Assoc. Prof. Dr. Musa Kavas, who is leading the project titled "Increasing Drought Tolerance and Lateral Root Number in Tomato Plants Using CRISPR-Cas9 Technology and Grafting System," shared, "We aim to develop drought-resistant tomatoes. We plan to intervene in four different genes in the tomato genome using CRISPR-Cas9 technology. Normally, these genes reduce the number or length of roots in developing tomato plants. By silencing these genes using CRISPR-Cas9, we aim to enable genomically edited tomato plants to have larger roots and use more water from the soil. Two other genes increase water loss.
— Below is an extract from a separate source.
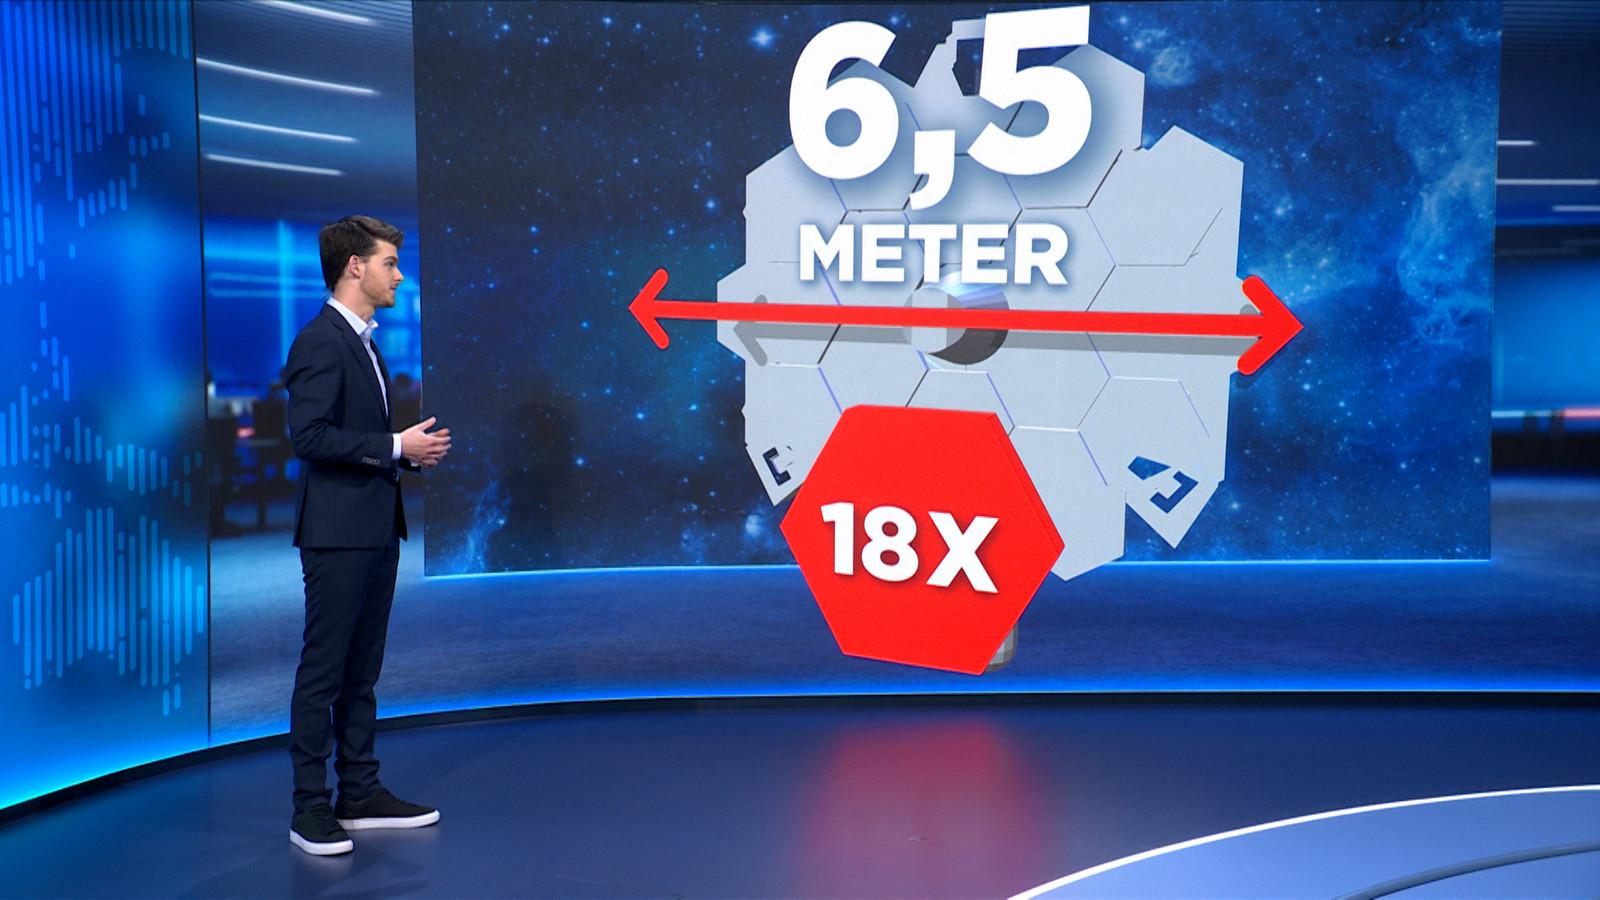 De Europese ruimtevaartorganisatie ESA heeft zijn plannen voorgesteld voor de James Webb-ruimtetelescoop. Dat moet de grootste en krachtigste ooit worden.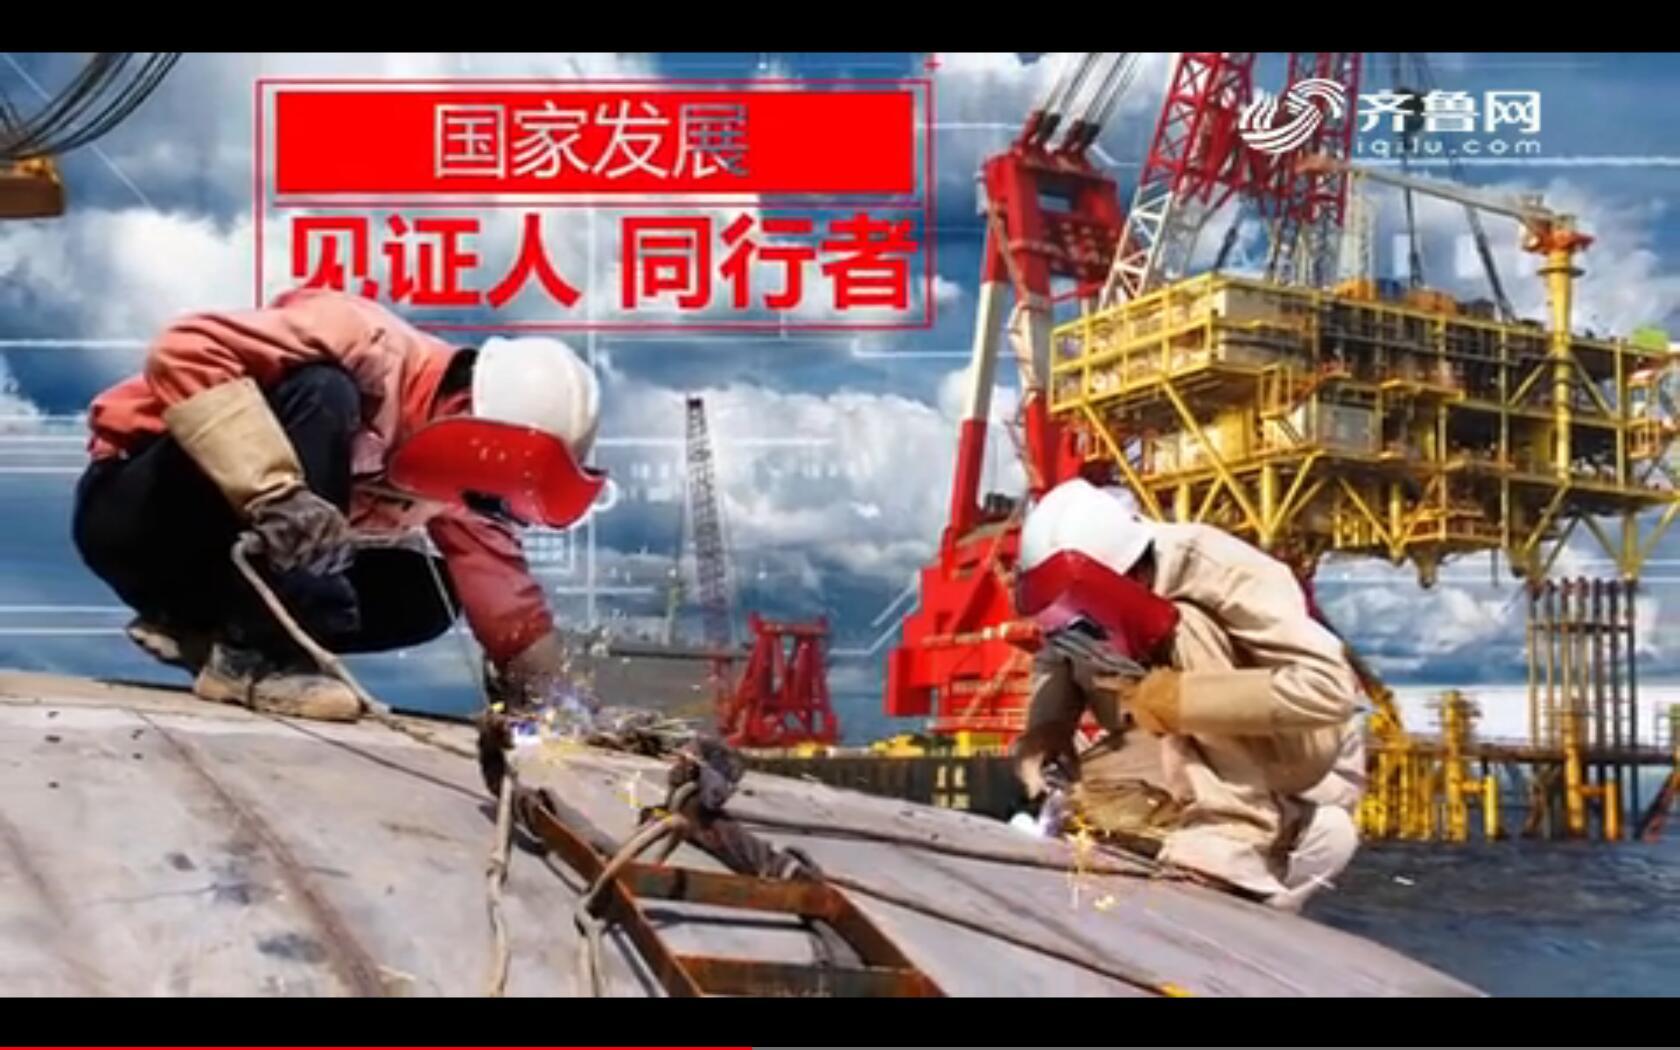 大型内容众筹纪录片《辉煌中国》九月巨献

By successfully silencing these, we will reduce the number of stomata and create a thicker cuticle layer, minimizing water loss. We anticipate achieving drought-resistant tomato plants by combining all targeted strategies."

"The future needs for plant varieties that consume less water and maintain yield will increase"

Referring to the global climate crisis and its implications, Project Leader Dr. Kavas noted, "As we combat environmental challenges like global warming, reducing factors that negatively affect agricultural production is crucial. The need for plant varieties that consume less water and maintain yield will grow. We are conducting this study on tomatoes, but these techniques can be used globally for different plants. Plant genomes can be edited with CRISPR-Cas9, silencing unwanted genes and enhancing desired ones, allowing the development of new plants."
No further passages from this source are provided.